The lab has knocked out ramA gene from a clinical multiple drug resistant K. pneumoniae strain, KP22ΔRamA.^{[ 3 ]} To confirm whether RamA mutants would influence the antibiotic resistance in clinical strains, the MICs of several antibiotics were tested for RamA wild‐type and mutant complementation in KP22ΔRamA.

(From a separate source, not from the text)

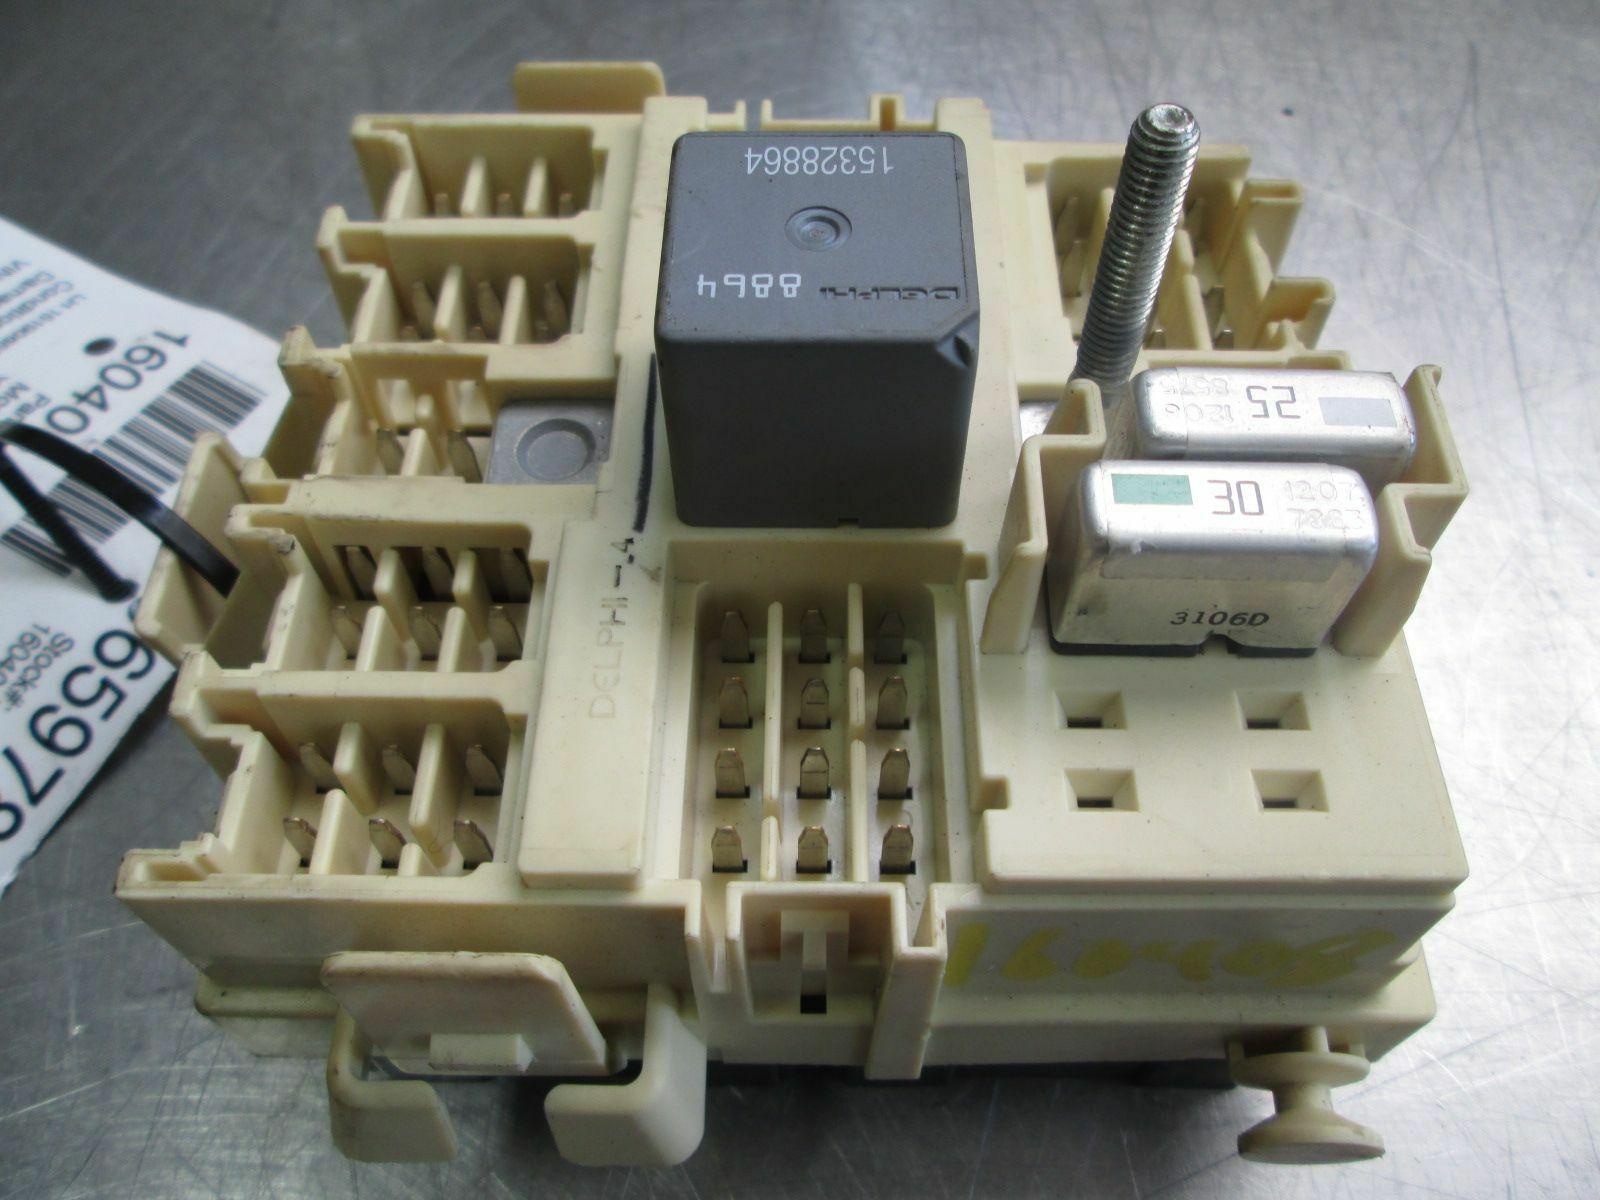 1996 hummer fuse box diagram schematic rh yomelaniejo co 1996 Hummer H1 2004 Hummer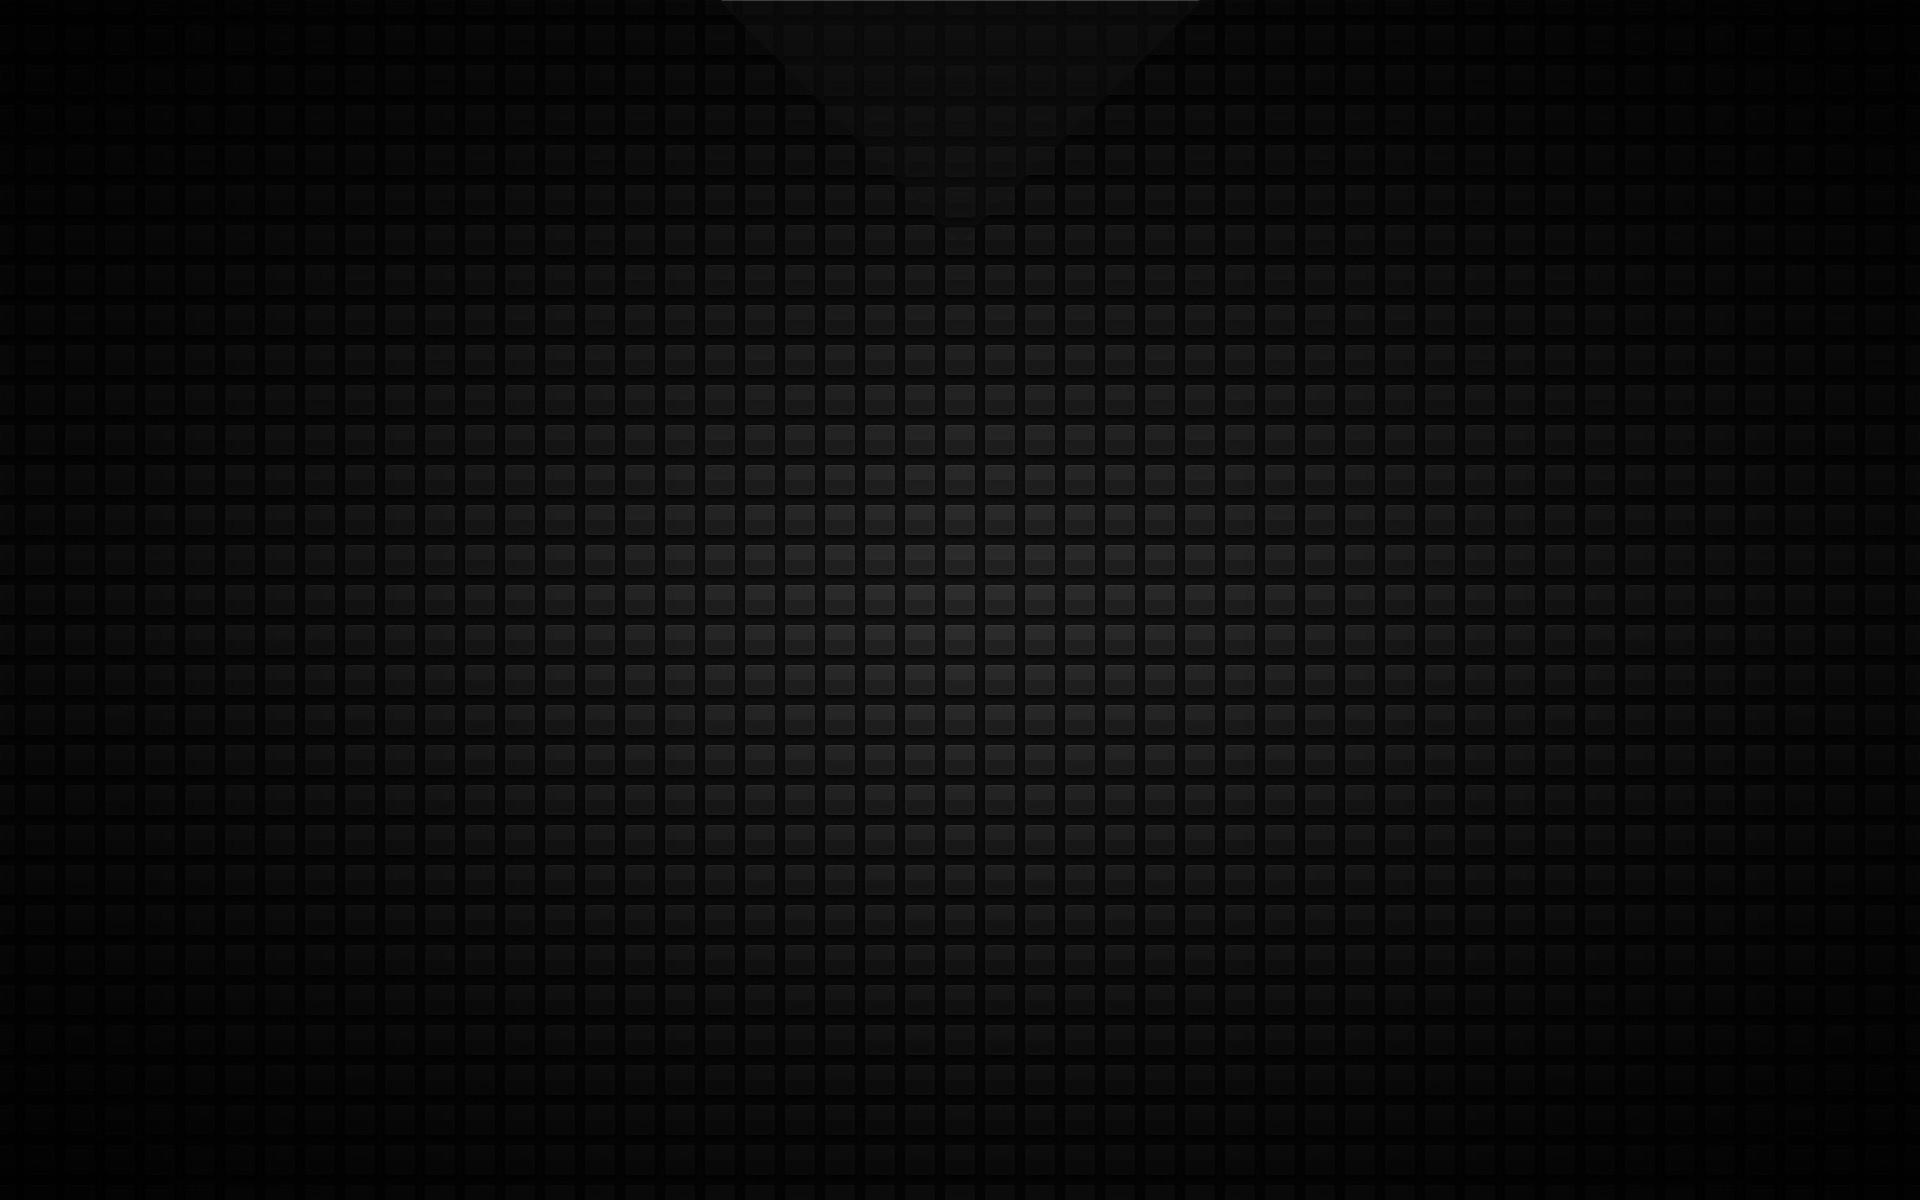 Black Wallpaper Download Full Hd : HD Black wallpaper ·① Download free amazing full HD ...

pHSG398, pHSG398‐RamA wildtype, and mutant vectors were transformed into KP22ΔRamA cells. Antimicrobial susceptibility test was performed using broth microdilution methods based on Clinical and Laboratory Standards Institute (CLSI), 2019 guidelines.^{[ 34 ]} The MICs of piperacillin‐tazobactam, ceftazidime, levofloxacin, tigecycline, doxycycline, and minocycline were determined according to CLSI standards.

Statistical Analysis

Two‐way analysis of variance (ANOVA) as implemented by GraphPad PRISM 6 was used for data analysis of β‐galactosidase assay and P values smaller than 0.05 were considered statistically significant.

Conflict of Interest

The authors declare no conflict of interest.

Author Contributions

M.H. and F.Y. contributed equally to this work. X.Z., M.W., and M.B. designed the studies. M.H. and F.Y. prepared the samples and performed the cryoEM analysis. F.Y. built and refined the structural models. M.H., M.J., I.K.‐L., Q.X., and X.Q. conducted the biochemical experiments. X.Z. wrote the manuscript with input from all the authors.

Supporting information

Supporting Information

Hao M., Ye F., Jovanovic M., Kotta‐Loizou I., Xu Q., Qin X., Buck M., Zhang X., Wang M., Structures of Class I and Class II Transcription Complexes Reveal the Molecular Basis of RamA‐Dependent Transcription Activation. Adv. Sci. 2022, 9, 2103669. 10.1002/advs.202103669

Data Availability Statement

The cryoEM maps and coordinates of the RamA class I and class II complexes are deposited and available at PDB and EMDB with access codes of EMD‐12157, EMD‐12156 and PDB ID 7BEG and 7BEF respectively.